- **Task details**:
The answer must restate the listing word for word, without its images.

- **Given data**:
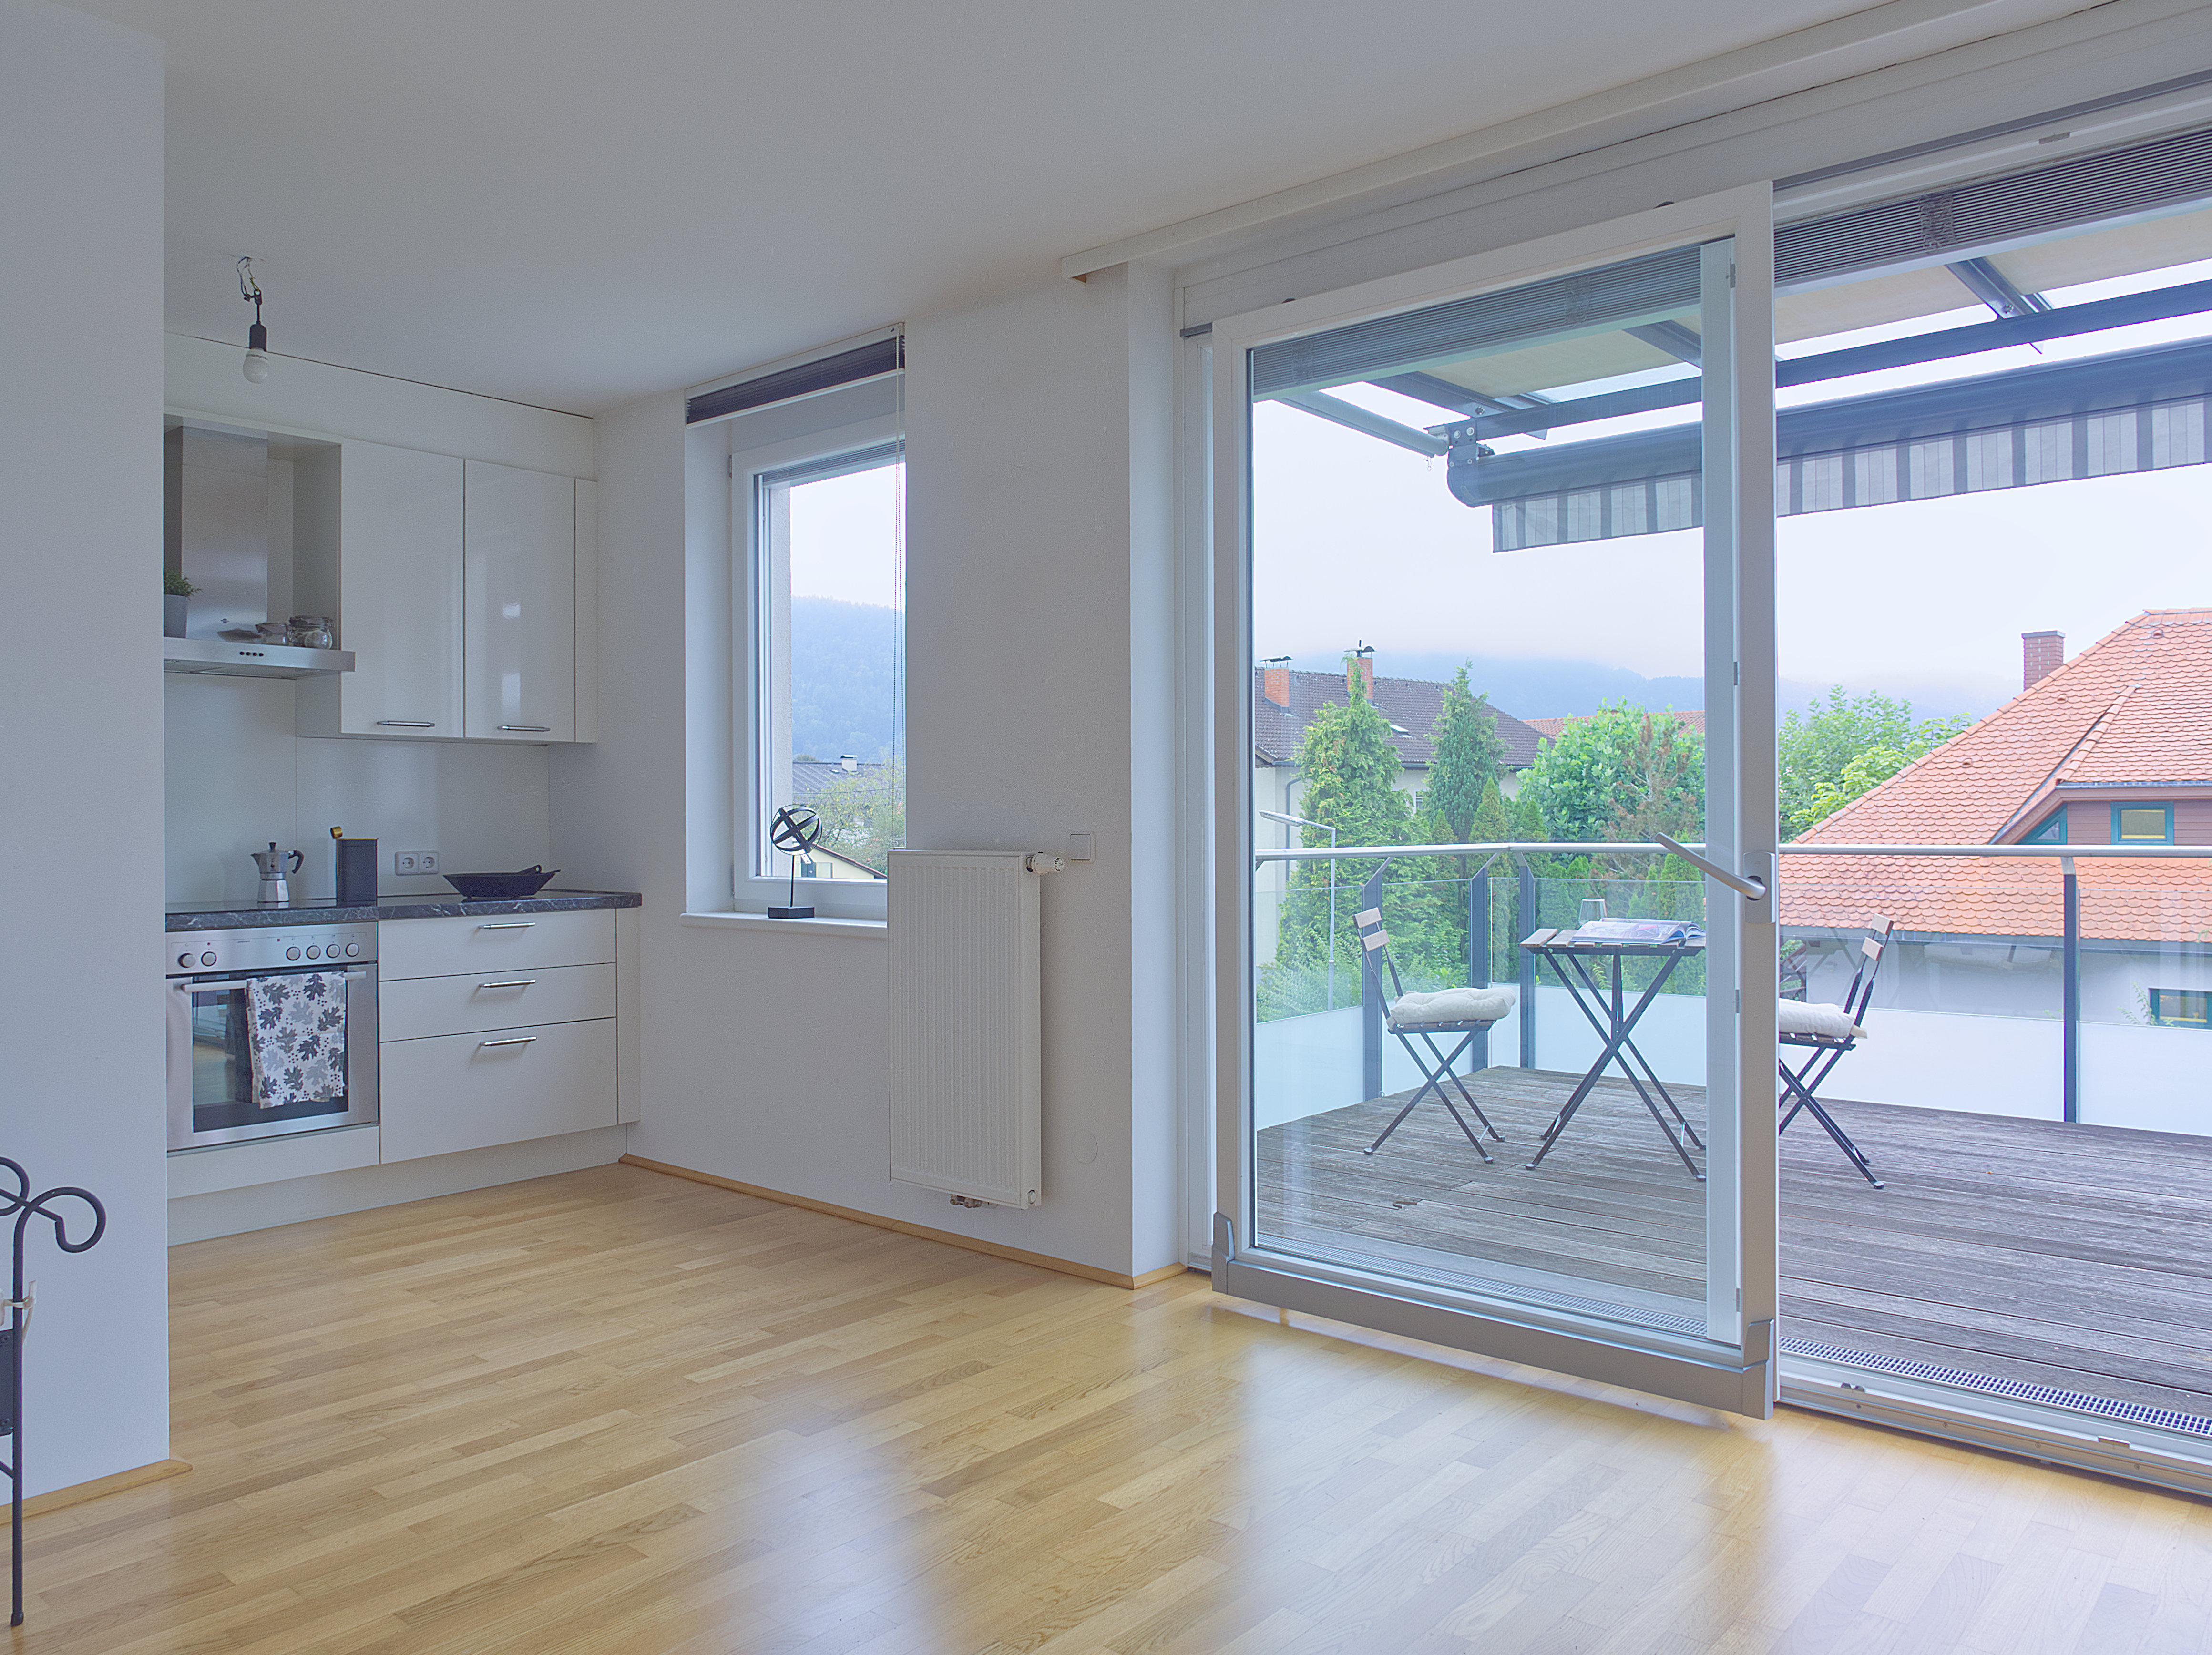 Wohnzimmer - Küche - Balkon
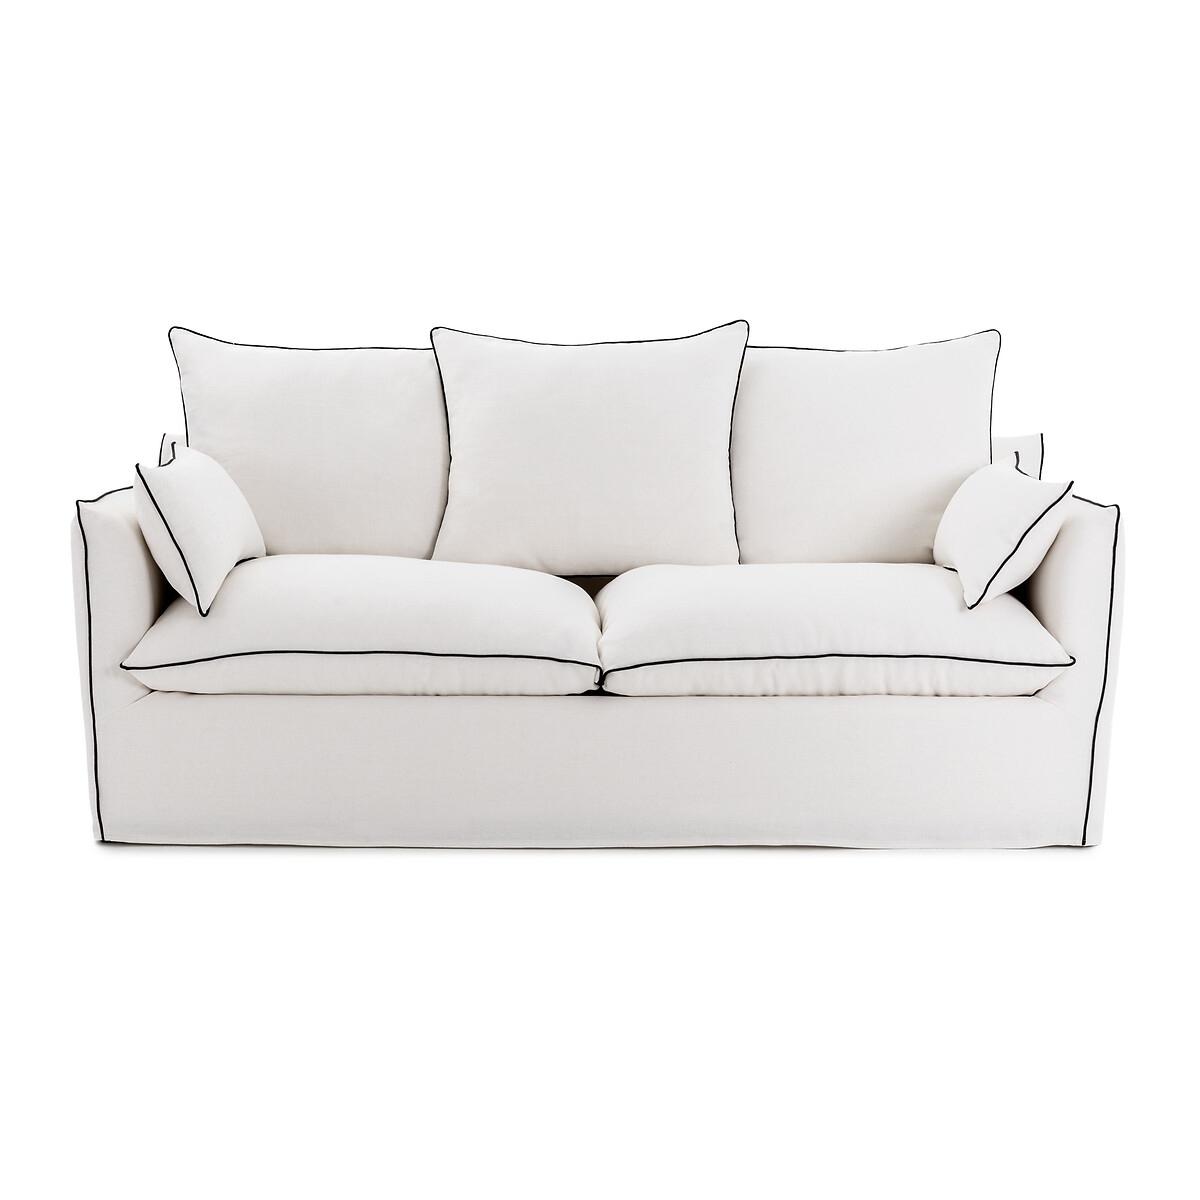 Canapé d'angle 5 places Noir Tissu Confort
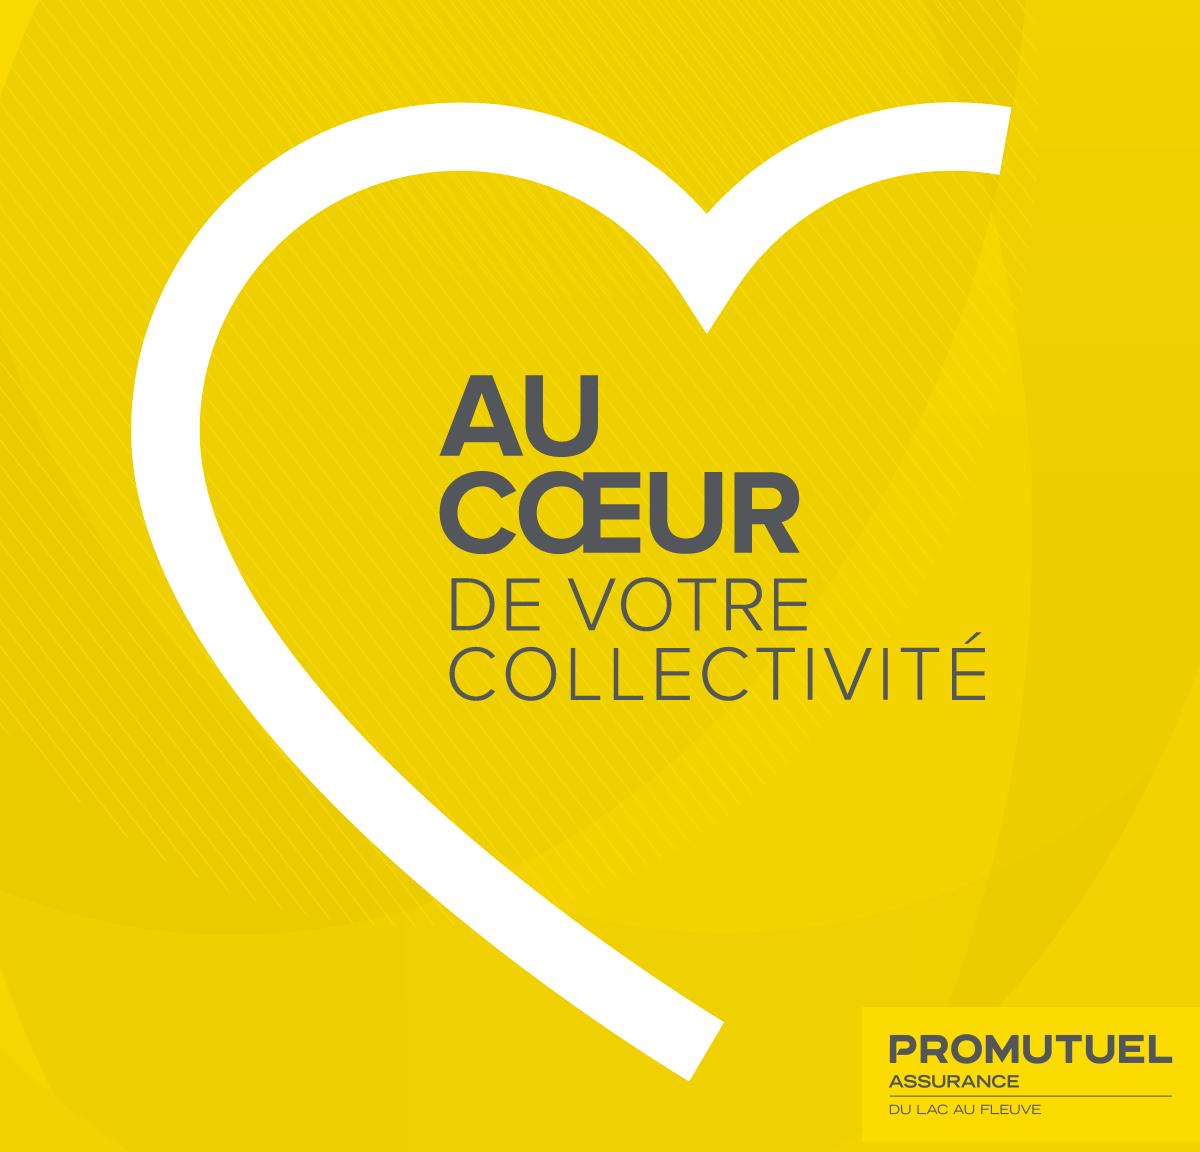 Au cœur de votre collectivité soutient des projets communautaires
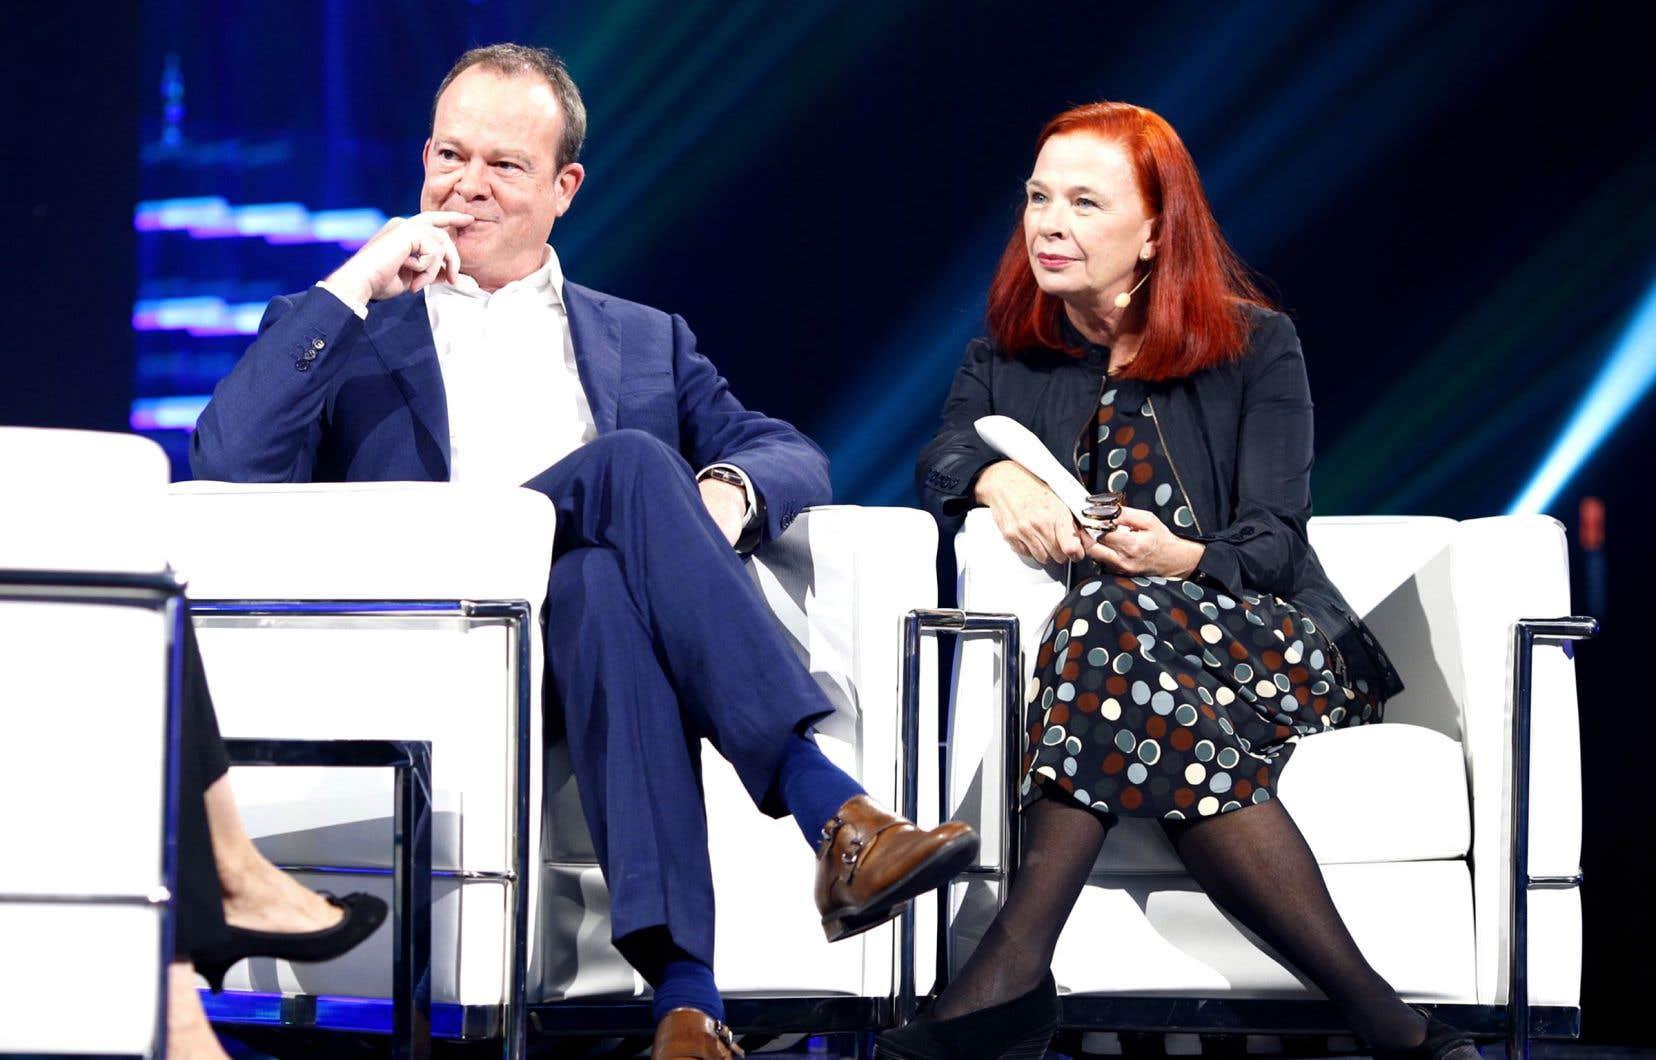 Le vice-président principal de Radio-Canada, Michel Bissonnette, et la nouvelle p.-d.g. de CBC/Radio-Canada, Catherine Tait, lors de la conférence sur l'innovation intitulée «Le futur n'est pas de la fiction»

- **Task result**:
 Wohnzimmer - Küche - Balkon
 Canapé d'angle 5 places Noir Tissu Confort
 Au cœur de votre collectivité soutient des projets communautaires
 Le vice-président principal de Radio-Canada, Michel Bissonnette, et la nouvelle p.-d.g. de CBC/Radio-Canada, Catherine Tait, lors de la conférence sur l'innovation intitulée «Le futur n'est pas de la fiction»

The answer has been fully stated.